Same Cluster Scenario
We can check which volumes are currently available to be reattached:
$ juju storage
Unit Storage ID Type Pool Size Status Message
opensearch-data/0 filesystem opensearch-pool 2.0 GiB detached
opensearch/1 opensearch-data/1 filesystem opensearch-pool 2.0 GiB attached
opensearch/2 opensearch-data/2 filesystem opensearch-pool 2.0 GiB attached
To reuse a given disk within the same cluster, it is enough to spin up a new node and attach that volume:
$ juju add-unit opensearch -n 1 --attach-storage opensearch-data/0
The node will eventually come up:
$ juju status
Model Controller Cloud/Region Version SLA Timestamp
opensearch localhost-localhost localhost/localhost 3.5.3 unsupported 16:51:39Z
App Version Status Scale Charm Channel Rev Exposed Message
opensearch active 3 opensearch 2/edge 164 no
self-signed-certificates active 1 self-signed-certificates latest/stable 155 no
Unit Workload Agent Machine Public address Ports Message
opensearch/1* active idle 2 10.81.173.167 9200/tcp
opensearch/2 active idle 3 10.81.173.48 9200/tcp
opensearch/3 active idle 4 10.81.173.102 9200/tcp
self-signed-certificates/0* active idle 0 10.81.173.30
Machine State Address Inst id Base AZ Message
0 started 10.81.173.30 juju-e7601c-0 ubuntu@22.04 Running
2 started 10.81.173.167 juju-e7601c-2 ubuntu@22.04 Running
3 started 10.81.173.48 juju-e7601c-3 ubuntu@22.04 Running
4 started 10.81.173.102 juju-e7601c-4 ubuntu@22.04 Running
The new node will have opensearch-data/0
successfully attached:
$ juju storage
Unit Storage ID Type Pool Size Status Message
opensearch/1 opensearch-data/1 filesystem opensearch-pool 2.0 GiB attached
opensearch/2 opensearch-data/2 filesystem opensearch-pool 2.0 GiB attached
opensearch/3 opensearch-data/0 filesystem opensearch-pool 2.0 GiB attached
Finally, the node will show up on the cluster status:
$ curl -sk -u admin:$PASSWORD https://$IP:9200/_cat/nodes
10.81.173.102 15 98 16 3.75 5.59 4.99 dim cluster_manager,data,ingest,ml - opensearch-3.f1a
10.81.173.48 20 98 16 3.75 5.59 4.99 dim cluster_manager,data,ingest,ml - opensearch-2.f1a
10.81.173.167 29 98 16 3.75 5.59 4.99 dim cluster_manager,data,ingest,ml * opensearch-1.f1a
Different Cluster Scenarios
In these cases, the cluster has been removed and the application will be redeployed reusing these disks in part or in total. In all of the following cases, the opensearch-node
CLI will be needed to clean up portions of the metadata.
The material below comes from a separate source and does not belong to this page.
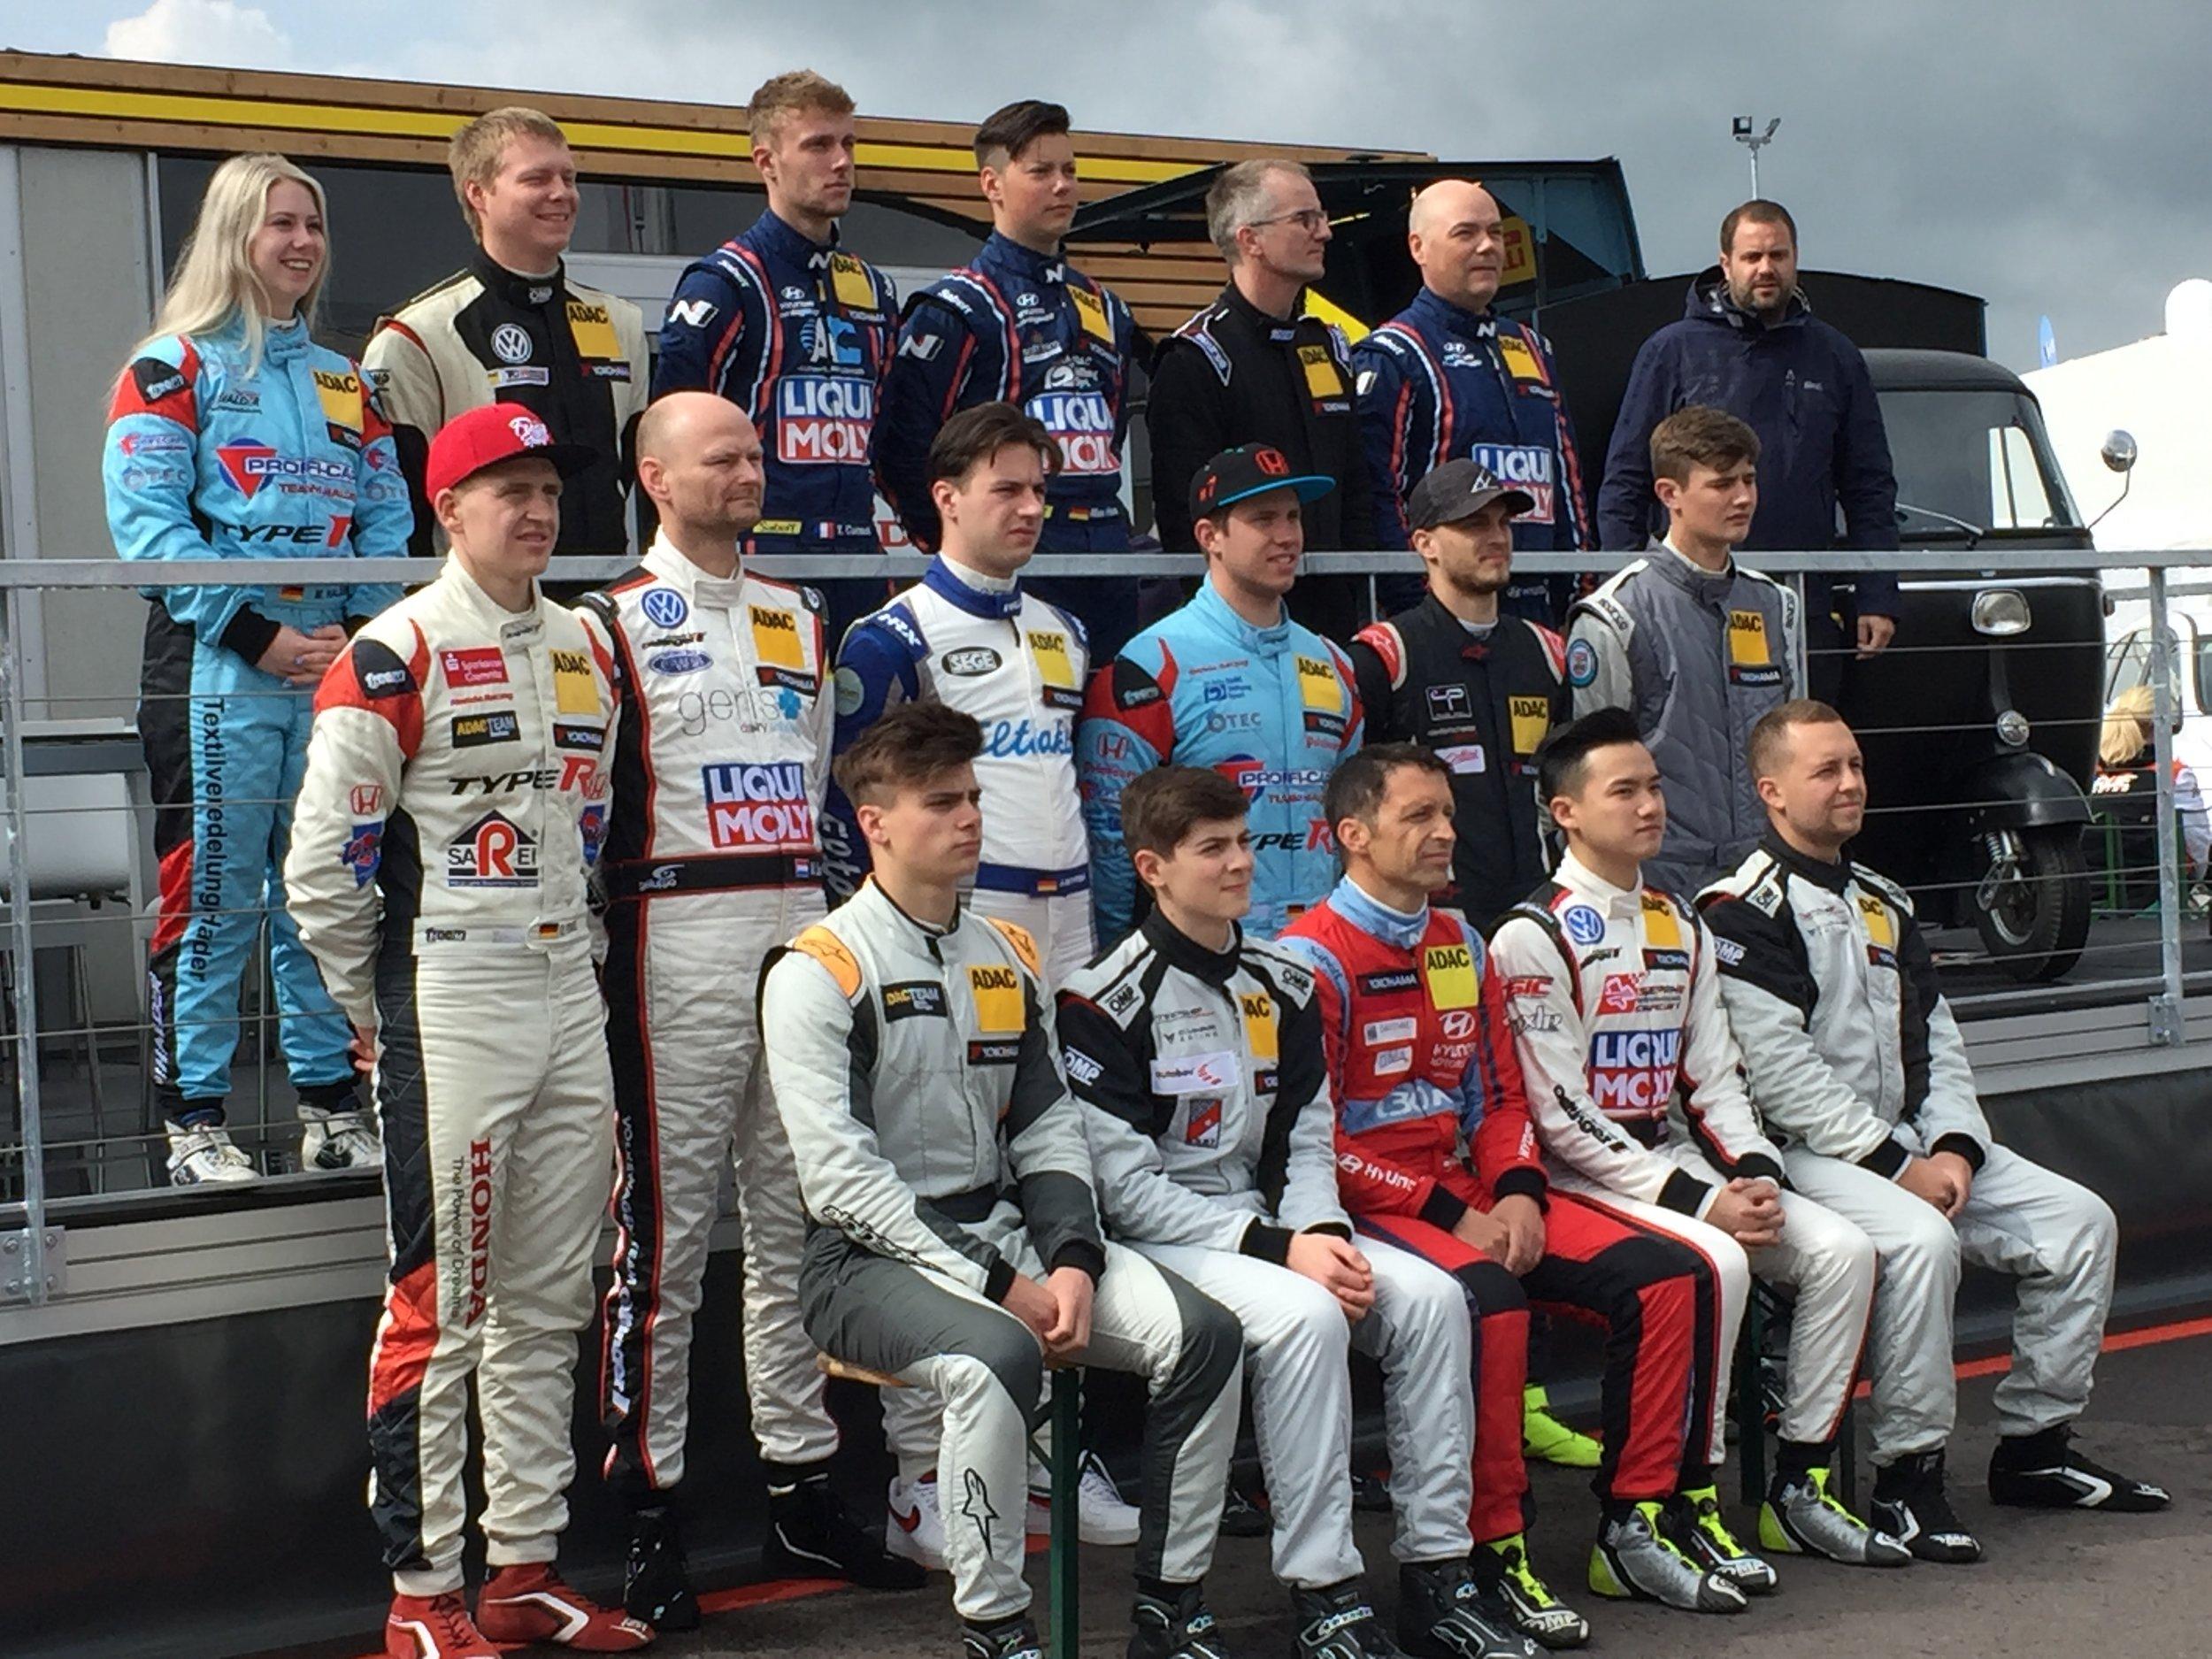 Rennfahrer und Rennfahrerinnen ADAC TCR Germany 2019

Reusing a disk in a different cluster
To reuse a disk from another cluster, add a new unit with the used disk:
$ juju add-unit opensearch --attach-storage opensearch-data/0
The deployment of this node will eventually stop its normal process and will be unable to proceed. That happens because the new unit holds old metadata, with reference to the old cluster UUID. To resolve that, access the unit:
$ juju ssh opensearch/0
Checking the logs, it is possible to see the unit is waiting for the cluster to become available and intermittently listing its last-known peers that are now unreachable. The following message on the logs will show up:
$ sudo journalctl -u snap.opensearch.daemon -f
...
Caused by: org.opensearch.cluster.coordination.CoordinationStateRejectedException: join validation on cluster state with a different cluster uuid K-LFo5AqQ--lamWCNc6ZsA than local cluster uuid gRaym5GmSUebyPO5o3Ay4w, rejecting
To remove the stale metadata, first, stop the service:
$ sudo systemctl stop snap.opensearch.daemon
Then, execute detach the node from its old references:
$ sudo -u snap_daemon \
OPENSEARCH_JAVA_HOME=/snap/opensearch/current/usr/lib/jvm/java-21-openjdk-amd64 \
OPENSEARCH_PATH_CONF=/var/snap/opensearch/current/etc/opensearch \
OPENSEARCH_HOME=/var/snap/opensearch/current/usr/share/opensearch \
OPENSEARCH_LIB=/var/snap/opensearch/current/usr/share/opensearch/lib \
OPENSEARCH_PATH_CERTS=/var/snap/opensearch/current/etc/opensearch/certificates \
/snap/opensearch/current/usr/share/opensearch/bin/opensearch-node detach-cluster
Restart the service:
$ sudo systemctl start snap.opensearch.daemon
The cluster will eventually add the new node.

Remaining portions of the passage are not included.